L’amministrazione Brugnaro è stata così negativa?

“Va giudicata sui temi per cui ha competenza. Le cose facili le ha fatte, negli ultimi due anni soprattutto e sulla spinta delle proteste; è sui grandi problemi che ne denunciamo le carenze perché sembra perseguire soltanto interessi di bottega. In materia di pianificazione urbana e verde pubblico partecipa alla cementificazione selvaggia del territorio, sulla gestione dei flussi turistici in quattro anni abbiamo sentito soltanto chiacchiere. Sui cambi d’uso peggio che peggio, con palazzi di proprietà comunale venduti per farne alberghi, altri alberghi costruiti a ridosso della stazione di Mestre e poi ci si lamenta del pienone? Molti in città si chiedono se questo non coincida casualmente con interessi del gruppo Umana: è un dato di fatto che il gruppo ha più che raddoppiato il fatturato da quando Brugnaro è sindaco, e che i suoi utili vanno a gonfie vele. Ci fa piacere ma in molti si chiedono come mai alcune società che dipendono da concessioni, permessi o autorizzazioni comunali assumano personale stagionale tramite Umana, sponsorizzino squadre del sindaco e facciano convention aziendali alla Misericordia, che è stata data in concessione quarantennale gratuita ad una società di proprietà del sindaco, in cambio dei restauri. E sapete una cosa? Io credo a Brugnaro quando lui dice che non ne sa nulla, avendo organizzato un blind trust, ma penso che molti imprenditori si sentano quasi in obbligo di farlo. Dobbiamo uscire da questa gestione opaca e uno dei mezzi per farlo è che ogni comunità torni ad occuparsi del bene comune eleggendo un suo sindaco e suoi rappresentanti che siano al servizio della città”.

***

Fronte del No: Nicola Pellicani: 58 anni, giornalista professionista, ora consigliere comunale e deputato del Partito Democratico, ma soprattutto mestrino doc, figlio di quel Gianni Pellicani che è stato l’anima di Mestre prima come deputato e consigliere del Pci, poi come primo amministratore dell’aeroporto Marco Polo, costruito con soldi pubblici e da lui amministrato con una bravura certosina tanto da finire gli interventi perfettamente entro la data e il budget fissati in tempi in cui, tanto per citare il Mose, la rapina ai danni dello Stato era cosa normale. Che poi l’aeroporto pubblico, come molte altre cose pubbliche in Italia, sia ora magicamente in mano ai privati è una storia che si deve alle amministrazioni Galan, votate plebiscitariamente dai veneti per tre mandati consecutivi. Della serie: ci sta bene.

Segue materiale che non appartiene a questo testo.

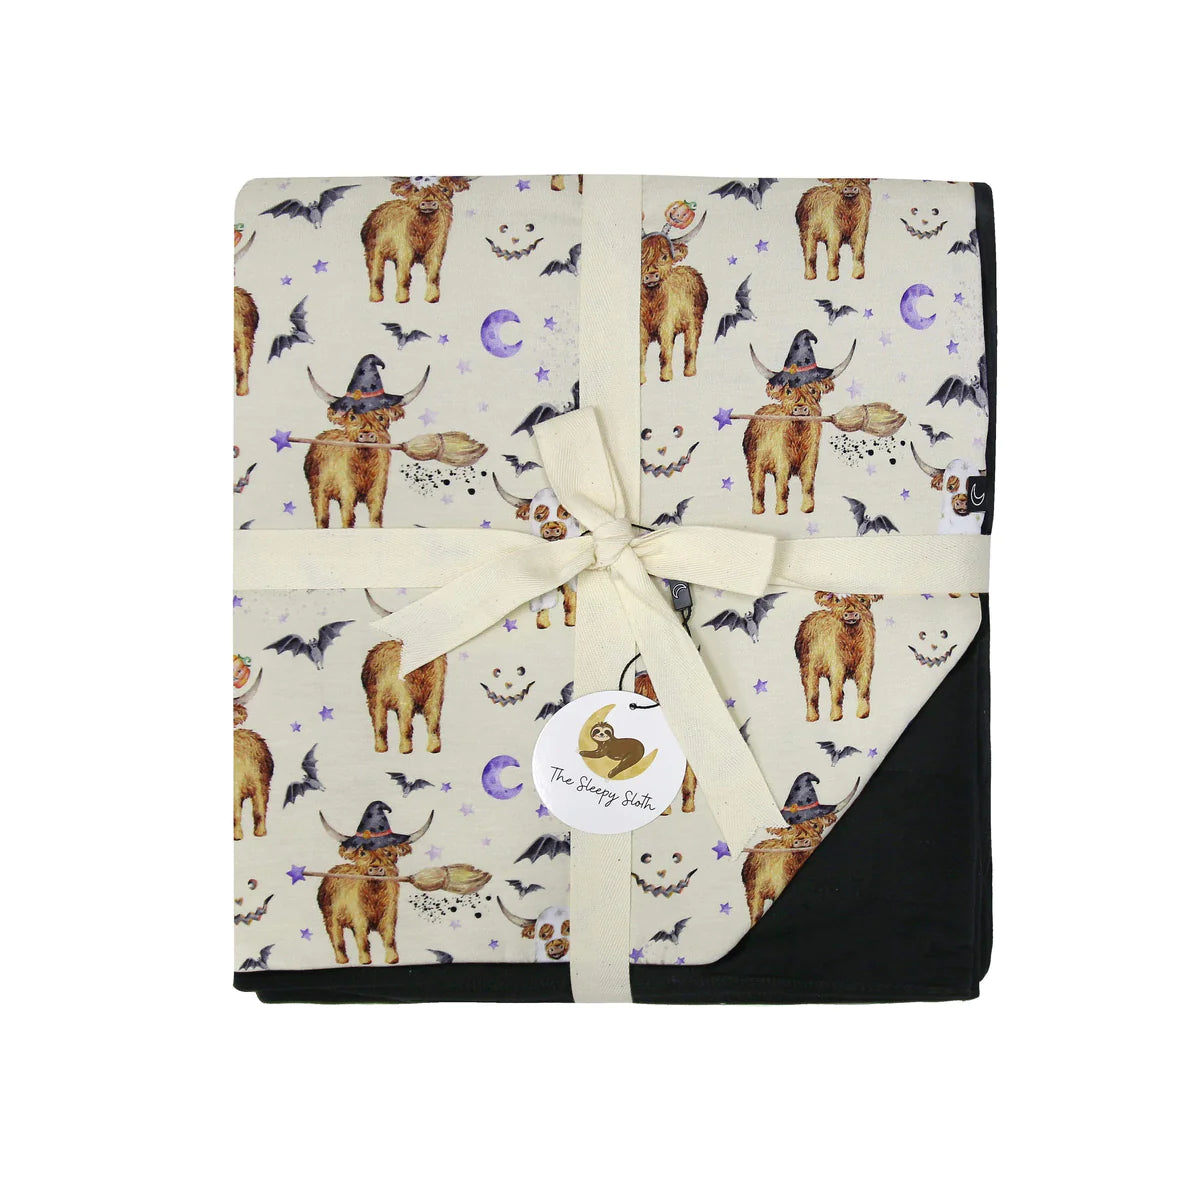 Shop The Sleepy Sloth Moo Boo Crew Highland Cow Halloween Print Toddler Blankie Blanket at Purple Owl Boutique

“Sono contrario perché dividersi è illogico. Questo referendum è un’iniziativa anacronistica. Guardiamo al resto del nostro continente: in Europa si punta su grandi piattaforme di governo territoriale, perché si è visto che “piccolo è bello” nell’amministrare non esiste.

Le identità. “Identità da difendere. Vanno tutte coltivate, ma questo non c’entra con il governo del territorio. La forza di Venezia è comprendere proprio due realtà divise che insieme formano una grande città. Basta pensare alla città storica, servita da un porto e da un aeroporto sparsi nel resto del territorio comunale”.

Il Referendum. “Chi propone in modo seriale l’istituto del referendum sbaglia nel concetto di democrazia. Ma sbaglia anche se pensa di risolvere i problemi della città dividendola in due entità amministrative. Non è dividendoci in due piccoli comuni che possiamo sperare di risolvere i grandi problemi che dovremo risolvere. Basta pensare anche a uno solo di questi, come ad esempio la gestione del turismo, per capire che l’unica soluzione può venire da un’entità amministrativa unica. Altrimenti entro poco tempo sarà una guerra di pass e dazi dall’una e dall’altra parte. Con due Comuni ci sarebbe solo un appesantimento amministrativo”.

La Città metropolitana. “Uno degli elementi di svolta è la Città metropolitana di Venezia. E’ vero che così com’è è stata pensata male dalla legge istitutiva. Limitarla agli angusti confini della provincia di Venezia è stato un errore quando noi sappiamo che gli effetti attrattivi di Venezia vanno ben oltre. Quindi così com’è ora non permette di gestire correttamente i problemi. Ma è l’unico luogo dove trovare questa necessaria efficacia ed efficienza di governo. Piuttosto è stato un grave errore di questa giunta spogliare le municipalità delle loro funzioni”.